Additionally, as noted above, the variables necessary for the
determination of Equations 1-20 in FIGS. 9A-C and Equations 1-14 in
FIGS. 6A-B are known from the preparation of the wellbore and the
Hunt Mode.
[0117] Upon completion of the Hunt Mode and storage of the values,
the operator will determine variables of q.sub.max and P by solving
the critical rate equation (Equation 1 of FIG. 6A) and editing
q.sub.max and P until solution is within tolerance of the
Operational Gas Injection rate provided by the Hunt Mode as
described above.
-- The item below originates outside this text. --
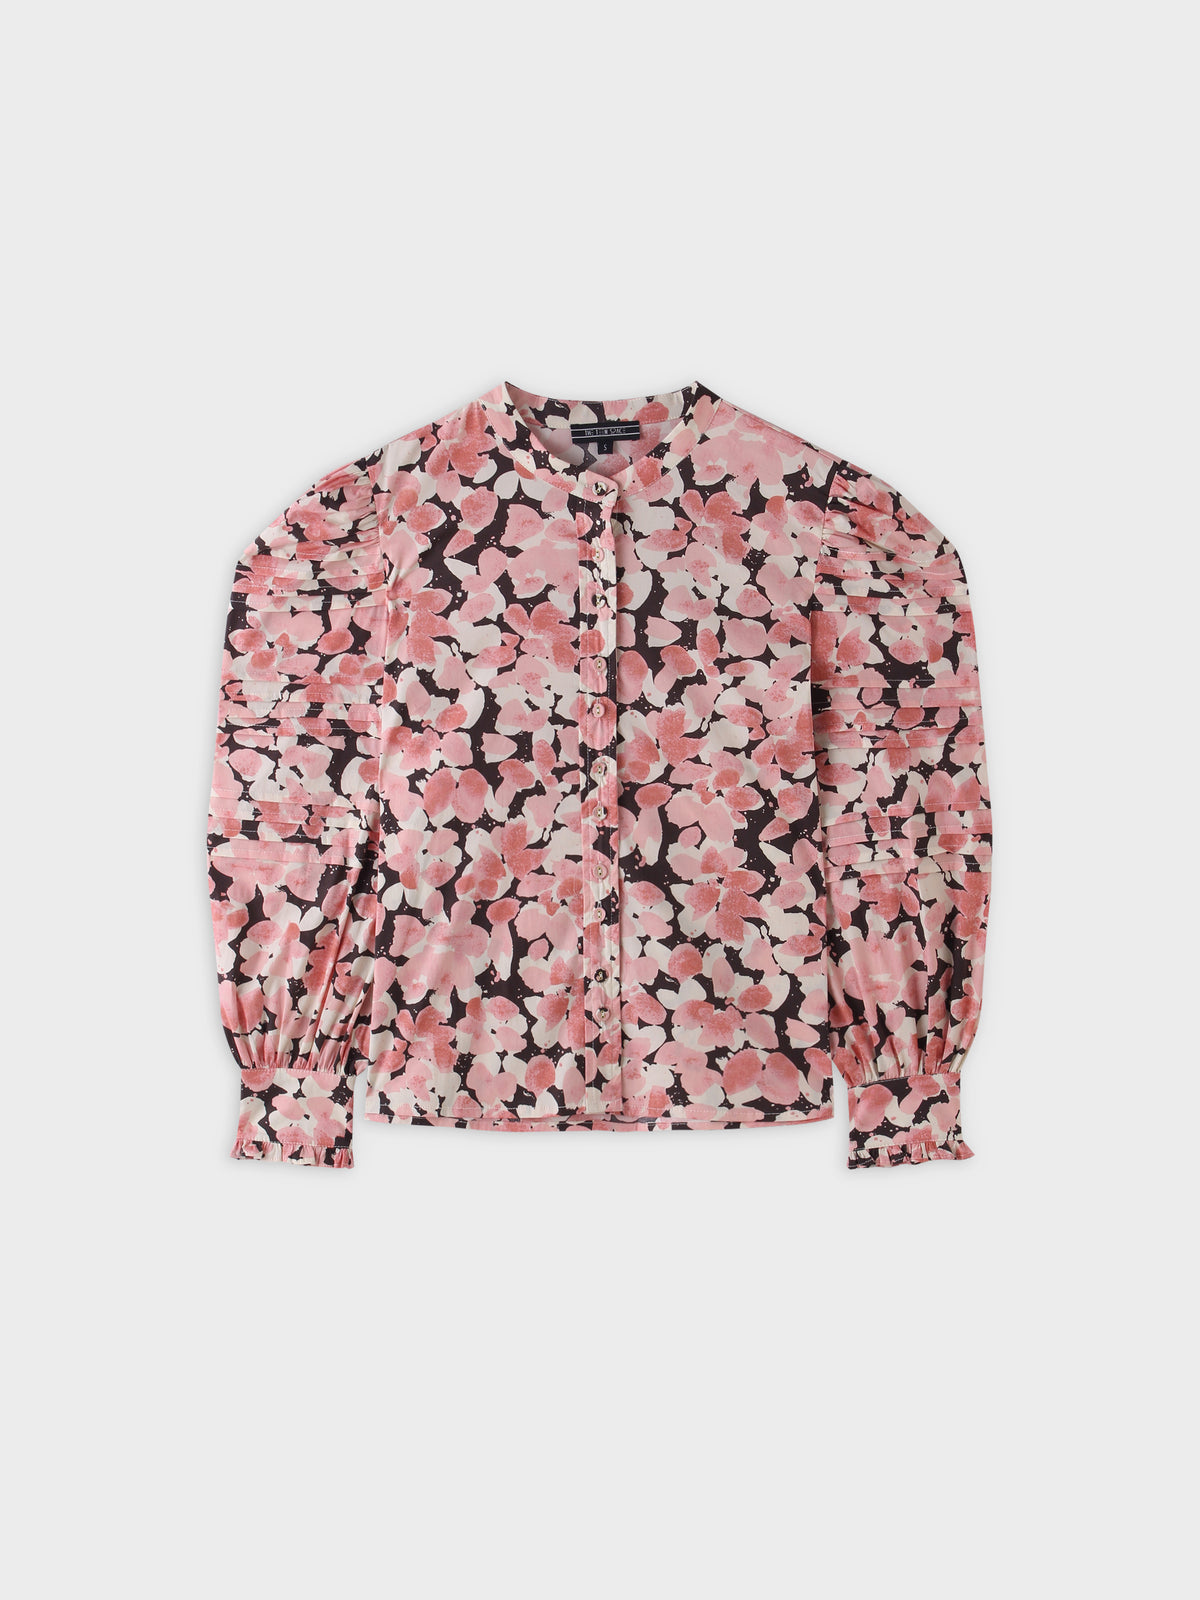 Pleated Sleeve Blouse-Pink/Black Floral

If using the generated production pressure value
from FIGS. 9A & 9B in Equations 1-14 of FIGS. 6A and 6B
generates a gas injection rate within acceptable tolerance 0.0 to
5.0% of the gas injection rate provided by the Hunt Mode, then the
selected values of variables q.sub.max and P become static values
for use in Equations 1-14 of FIGS. 6A and 6B and Equations 1-20 of
FIGS. 9A-C in the performance of the flow chart of FIG. 5B. Then
user will switch to the Critical Rate Mode and input these
determined values for variables q.sub.max and P of the Vogel IPR
Equation. Using the Hagedorn and Brown formulas of FIGS. 9A &
9B, compressor system 10 generates a production pressure value
(P.sub.wf in FIG. 7, P.sub.hf in FIG. 6A, equation 3) for use in
Equations 1-14 of FIGS. 6A and 6B.
[0118] For the purpose of this example, assume that the resulting
gas injection rate is 615 mscfd which is within 1% of 620 mscfd.
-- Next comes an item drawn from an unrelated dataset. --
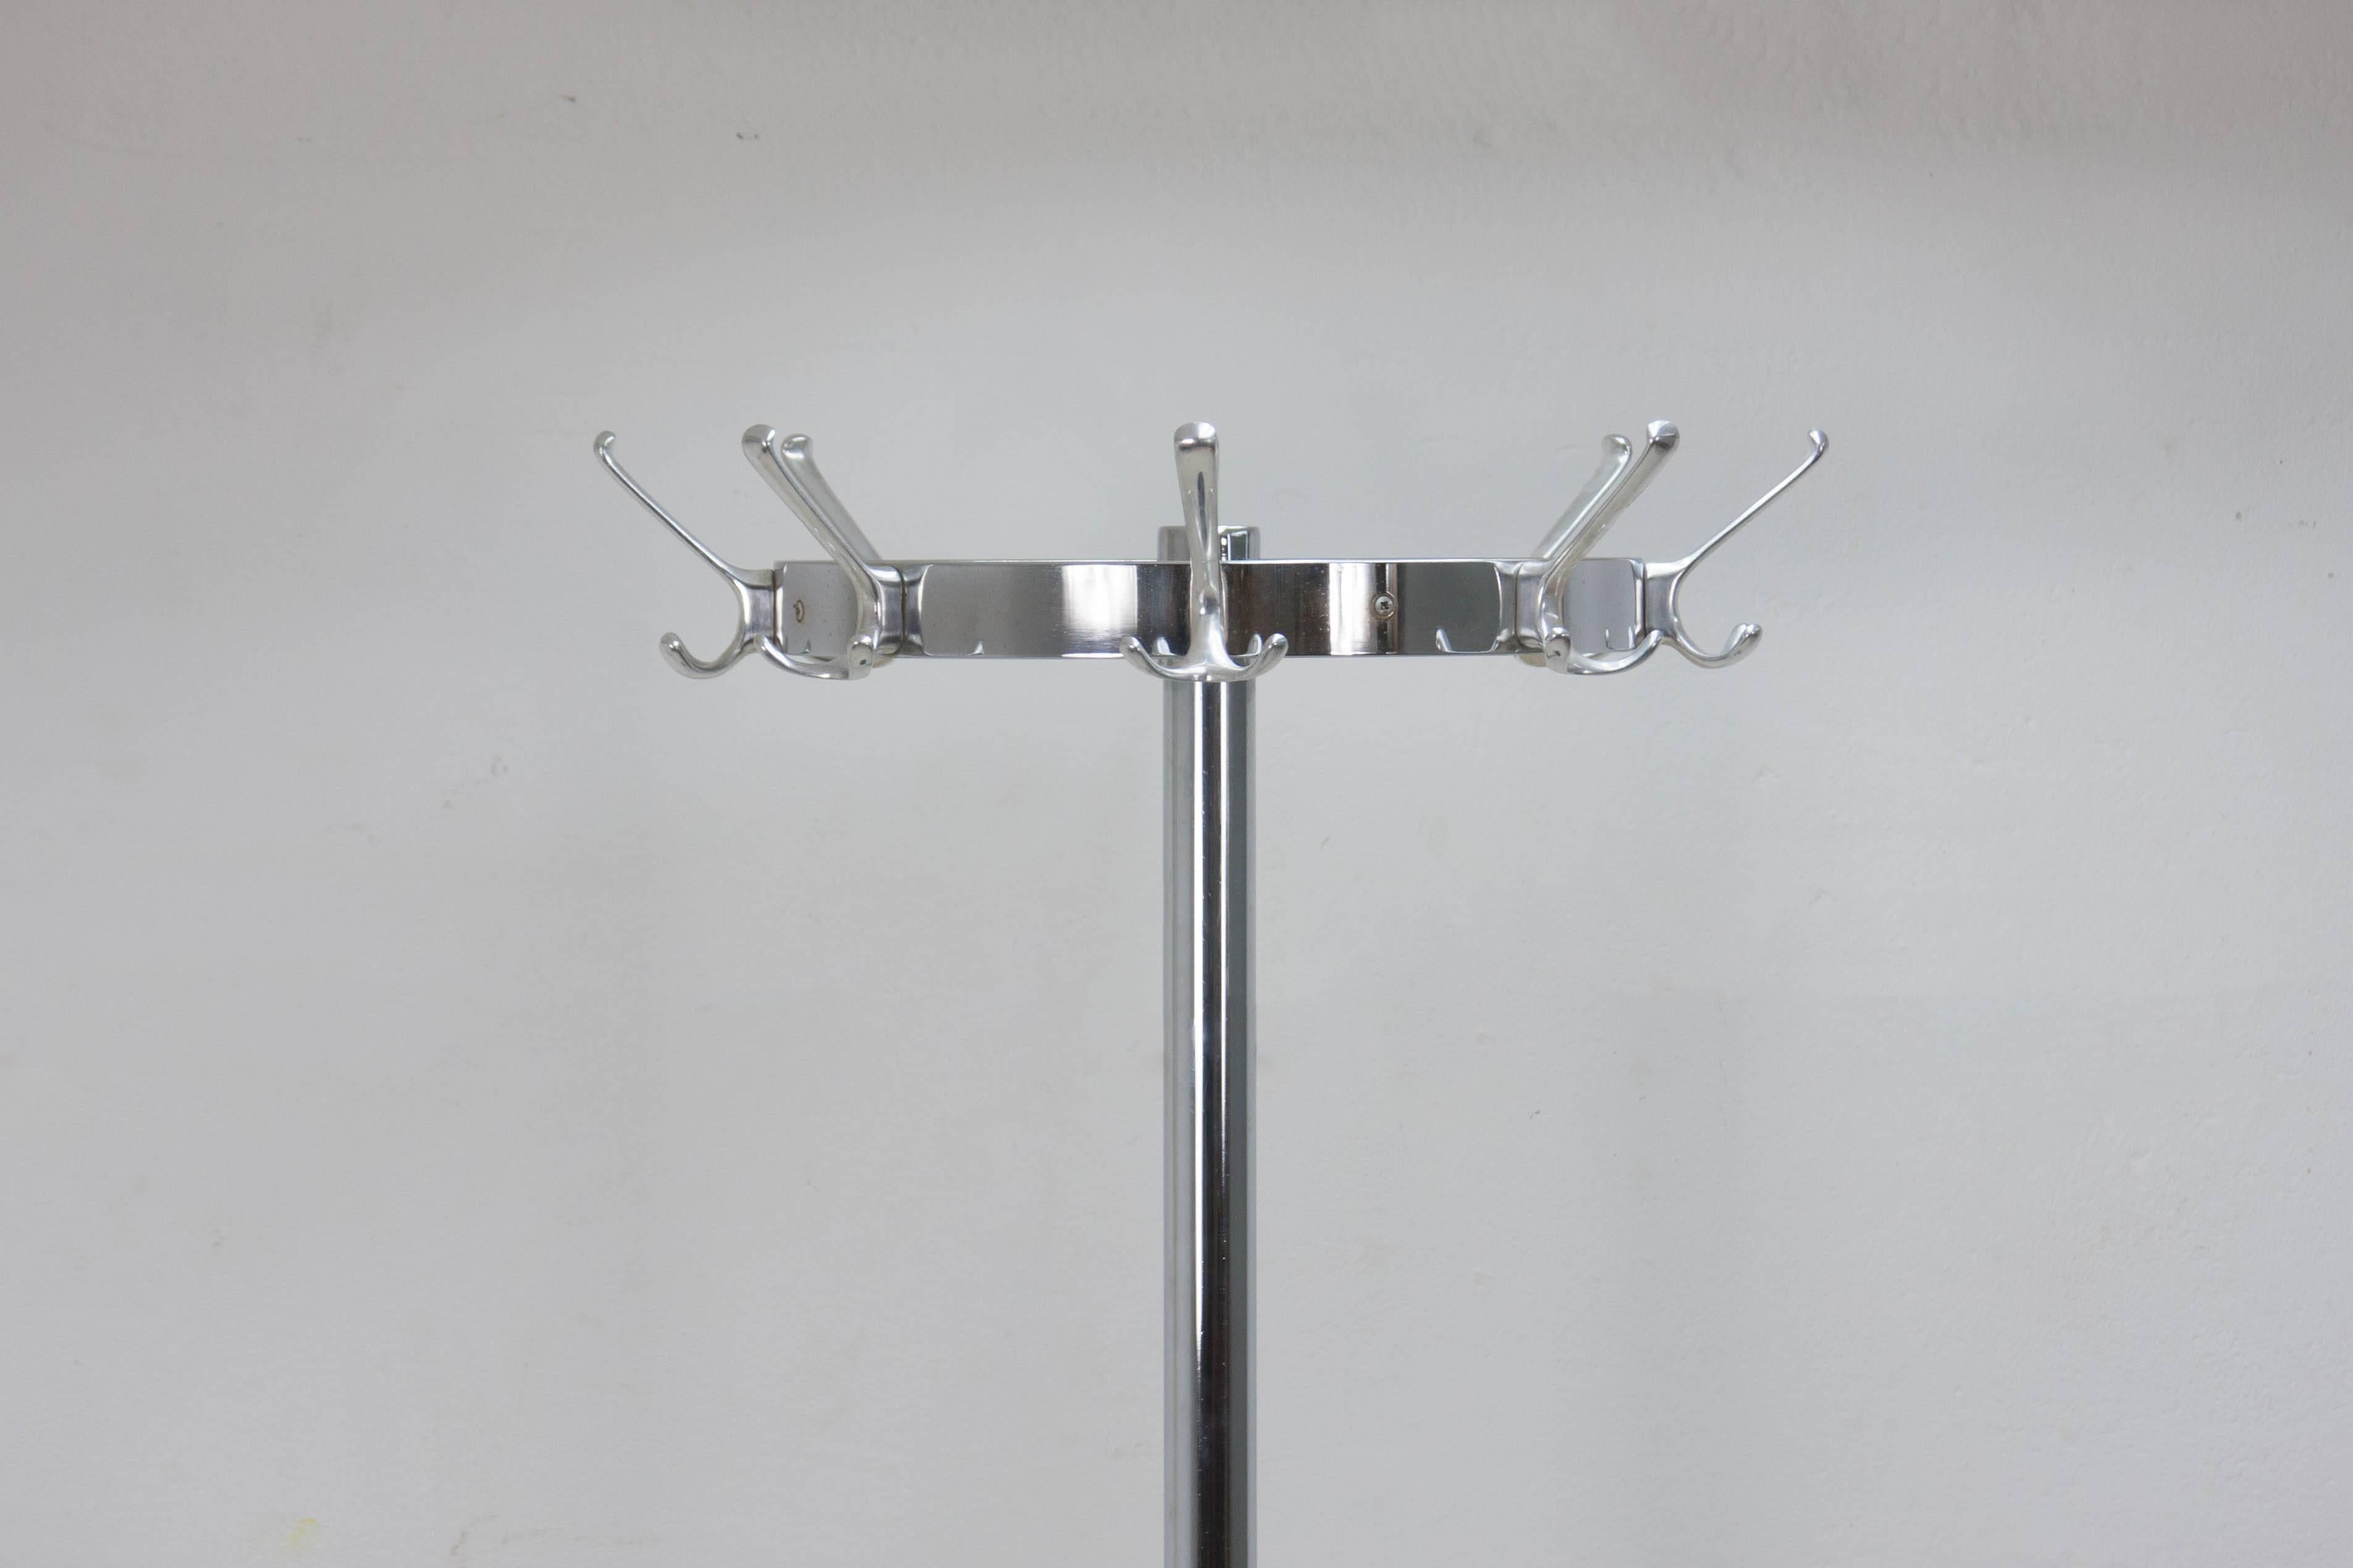 Minimal Gispen industrial coat rack from the early 1960s. This example is in very good condition.

Therefore, the adjusted variables q.sub.max and P become static
within the calculations performed by compressor system 10. As a
result, the Critical Rate Mode continues on a going forward basis
using the static values and adjusting the gas injection rate only
in response to changes in tubing and casing pressure to inform the
process of equations in FIG. 5B and fluid production rate (Q.sub.o
oil flow in bbl/d, Q.sub.g gas flow in mscfd, Q.sub.w water flow in
bbl/d) as determined by sensors and gauges associated with the
wellbore.
[0119] Thus, with reference to FIG. 5B, the computer server of
compressor system 10 utilizes the static values and measured values
directly with a production pressure (bottom hole pressure gauge or
indirectly using the surface casing pressure gauge) and fluid
production rate (Q.sub.o oil flow in bbl/d, Q.sub.g gas flow in
mscfd, Q.sub.w water flow in bbl/d) in Steps 1-3 to generate,
through an iterative process, a total gas injection rate. Provided
that the resulting gas injection rate is within the predetermined
tolerance level, the computer or PLC subtracts the current gas
production rate from the calculated gas injection rate (Step 5) to
provide the Critical Gas Rate. If the resulting value is greater
than zero, then according to Step 6, the computer or PLC of
compressor system 10 directs the compressor to provide the Critical
Gas Rate injection value to the downhole portion of the
wellbore.
[0120] Thus, the Critical Rate Mode provides the most efficient
production of fluids from the wellbore as the Critical Rate Mode
utilizes the gas injection rate determined by the Hunt Mode while
compensating for changes in fluid inflow to the wellbore and
changes in downstream gas pressures. The compensation allows the
Critical Rate Mode to continuously adjust the gas injection rate to
ensure that the compressor system 10 efficiently produces all
fluids from the well.
[0121] Other embodiments of the present invention will be apparent
to one skilled in the art. As such, the foregoing description
merely enables and describes the general uses and methods of the
present invention. Accordingly, the following claims define the
true scope of the present invention.